On November 12, 2024, the Sara and Sam Schoffer Holocaust Resource Center generously welcomed in Raymond Polak, a child of Holocaust survivors, to share his testimony of resistance, survival and resilience. He was able to educate attendees on the Holocaust and the individuals that survived, as well as the many that lost their lives.

The story of his parents began after they were both sent to Gurs Internment Camp — one of the nearly 50,000 concentration camps. There, his father served food to women and children and shared a deep connection with Polak’s mother, who he would instruct to wait until after everyone had eaten in order to get the most nutritious food at the bottom of the pot. Gurs was not a death camp, but was a placeholder to keep Jewish individuals under Nazi control before sending them to their death. In this camp, Polak’s father discovered from members of the French resistance that they would be sent to Auschwitz and killed. In hopes to save their life, Polak’s mother and father climbed over the barbed wire and fled, destroying their identity and living in the South of France, where Polak was eventually born. They went on to continue their lives, but they were forever altered — having lost many loved ones unknowing of their fate due to the deception of the Nazis. Nonetheless, they continued to make an impact.

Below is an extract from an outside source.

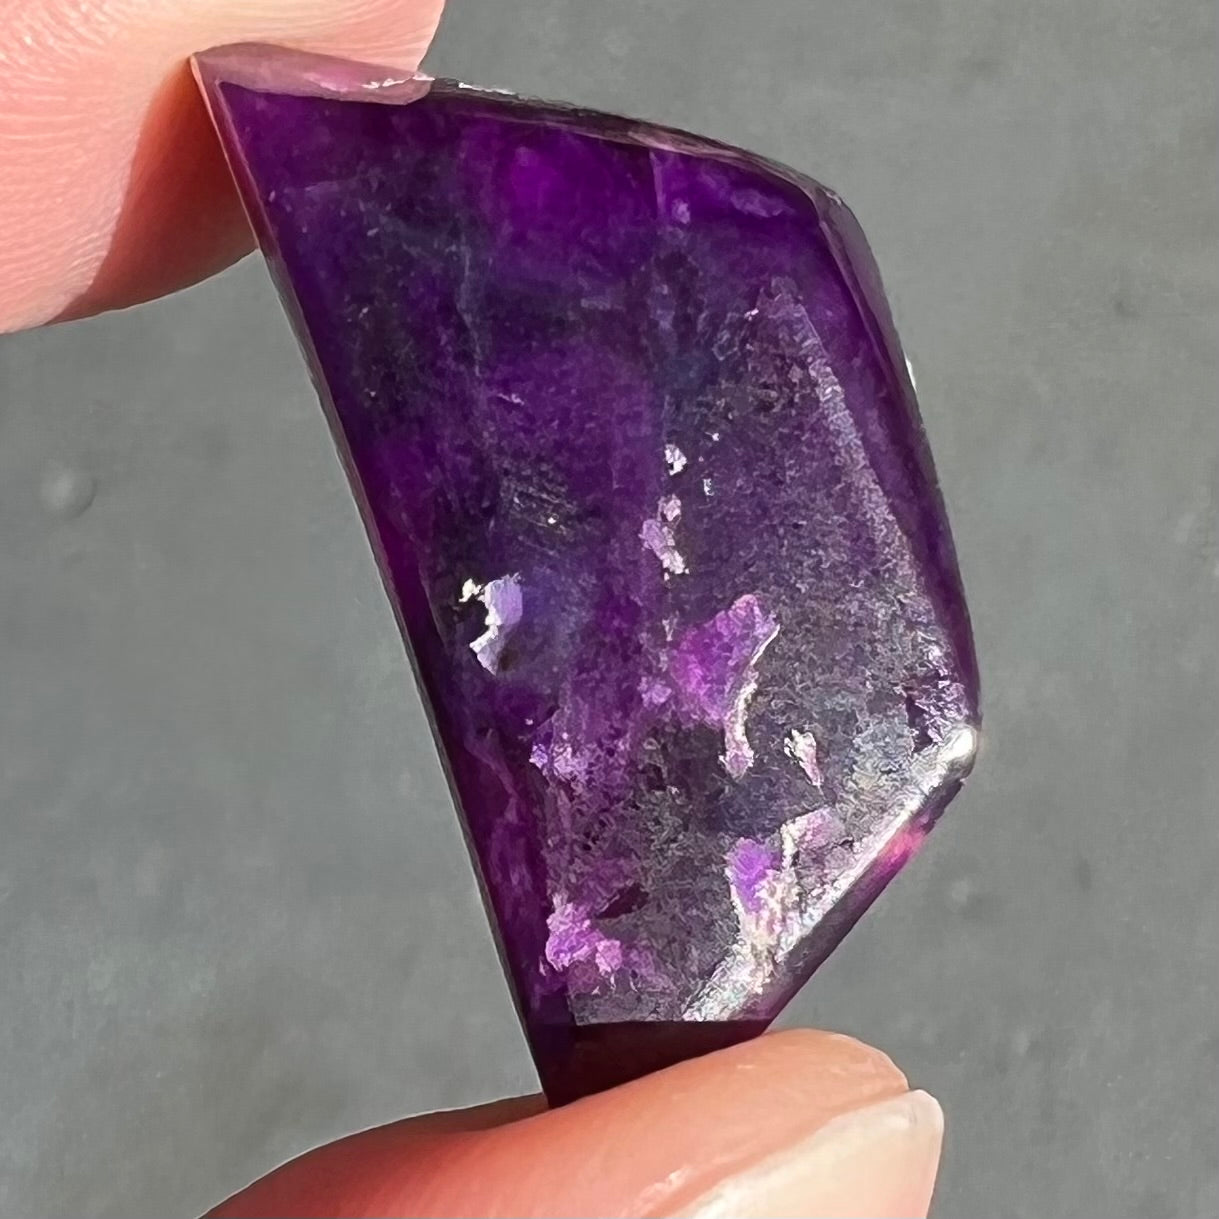 A freeform cabochon cut piece of dark purple sugilite.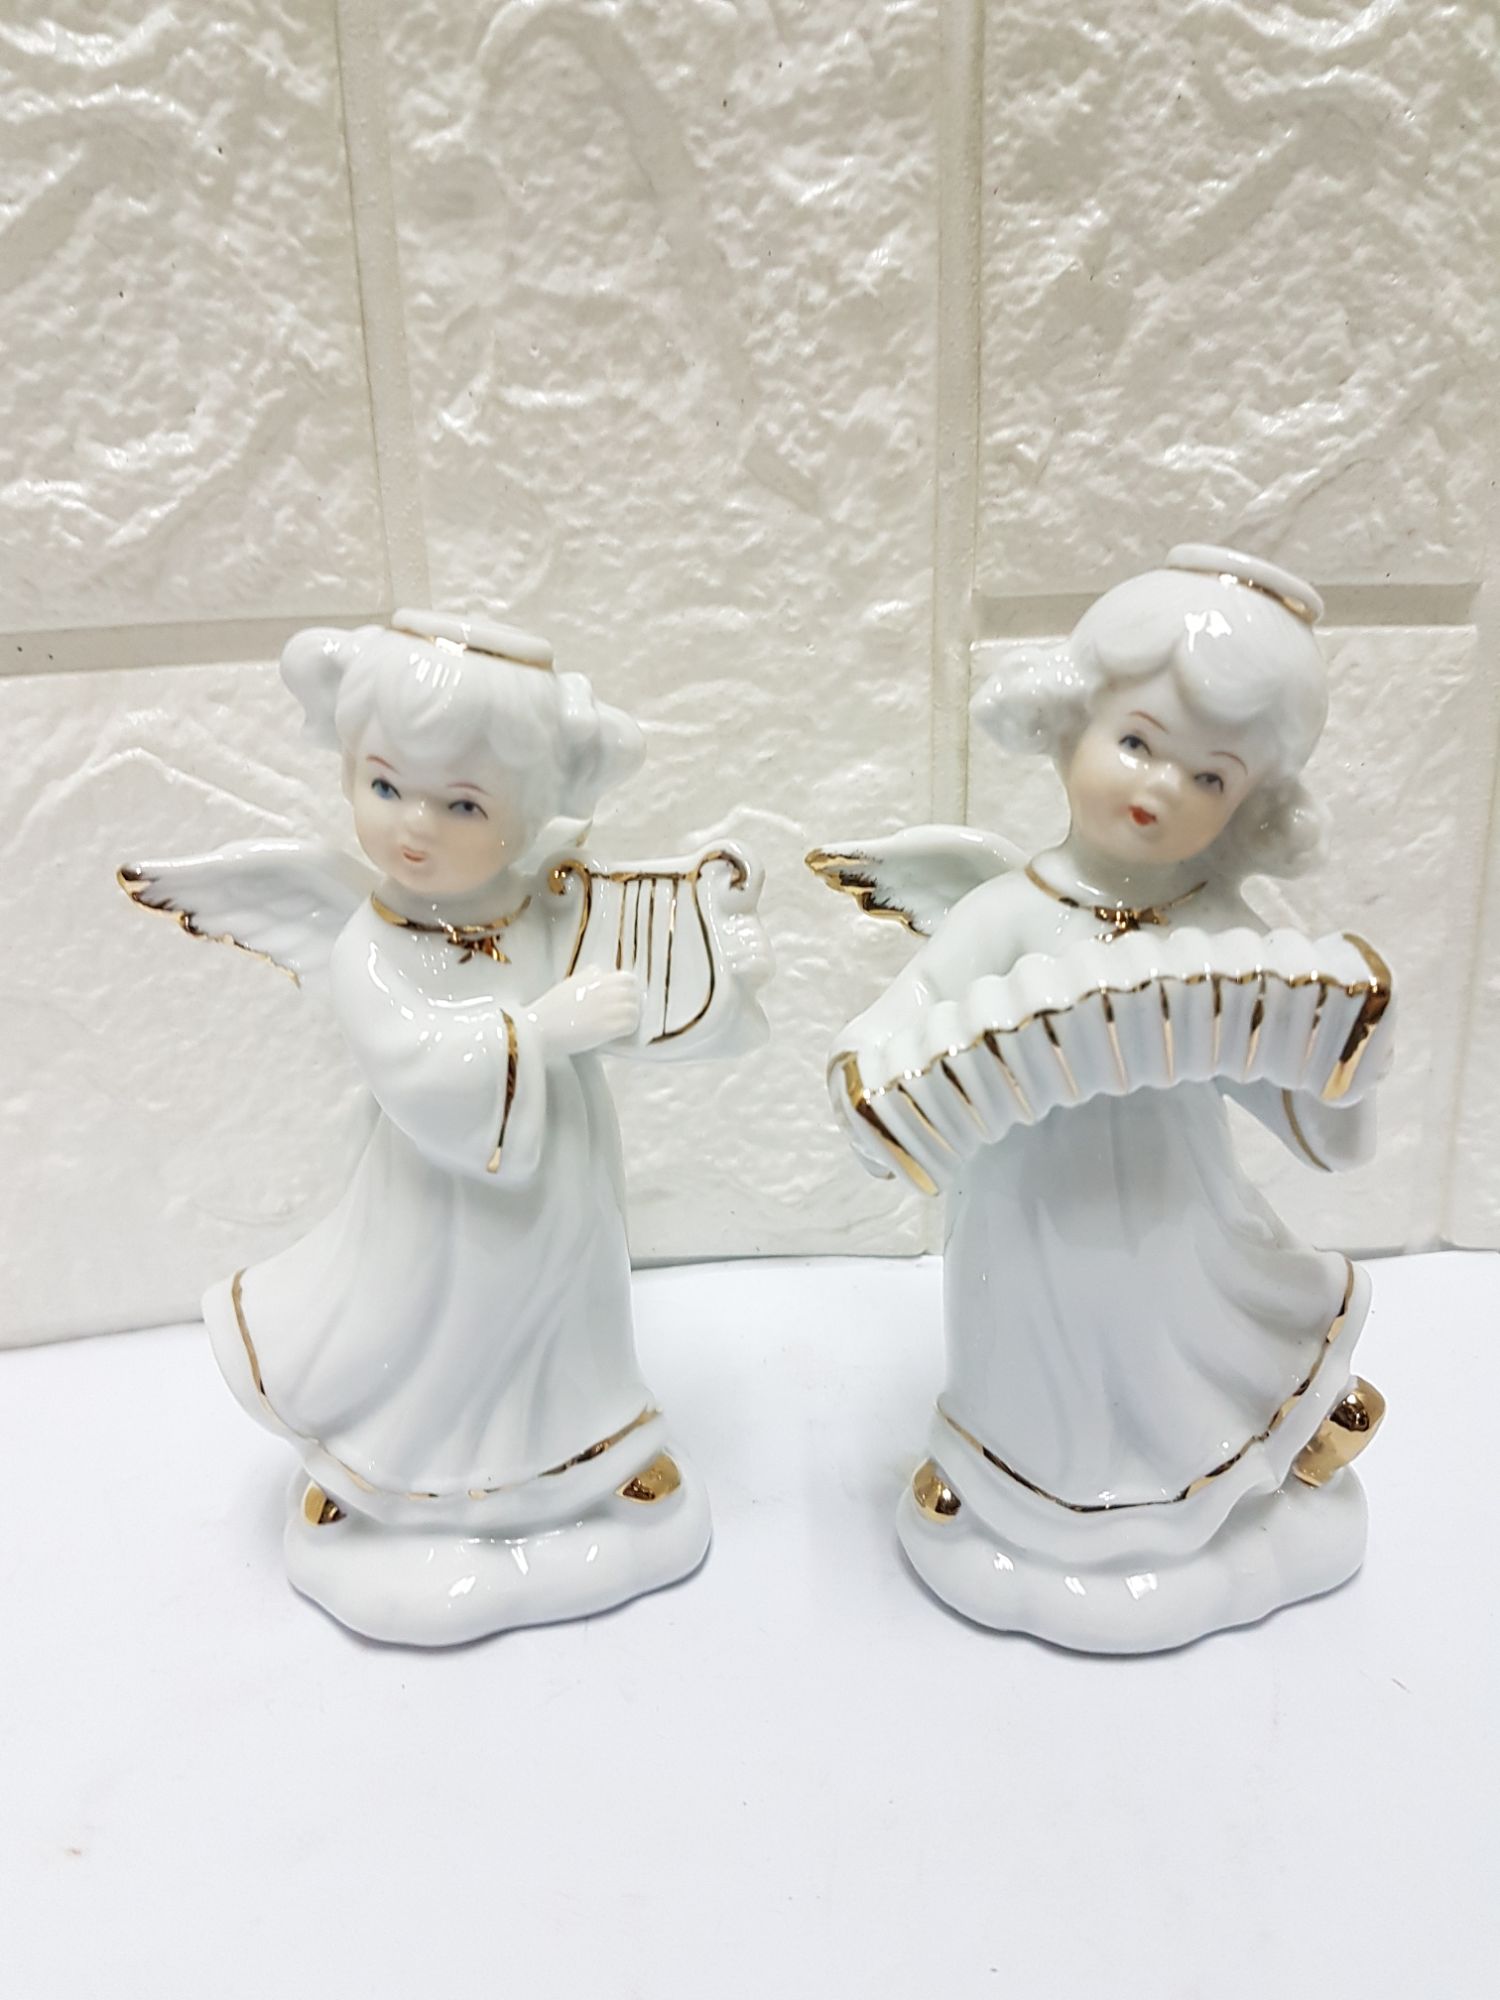 Vintage Porcelain Angel Figurine Holding A Dove Angel Wings

Polak’s father dedicated the rest of his life to anti-fascism, but this dangerous work eventually led to him getting captured again in Belgium and forced to work in the Buchenwald camp. He continued to survive, and was liberated in 1945, but the conditions of his life had led to his death shortly after his release. Polak’s mother lived to be 94, but she did not share her story to her child until he was in his 40’s. Ever since, Polak, now 82, has proudly spoken out against anti-semitism, and shares the admirable lives and strength from his mother and father. When sharing their story, he reflects that “My mother says I had helped save her life, but of course she saved my life.” It is because of her, Polak is now able to educate others and bring awareness to the other stories of resistance. He wants students to value their education and to be a part of the change, ensuring the world remembers the Holocaust through the phrase, “never again.”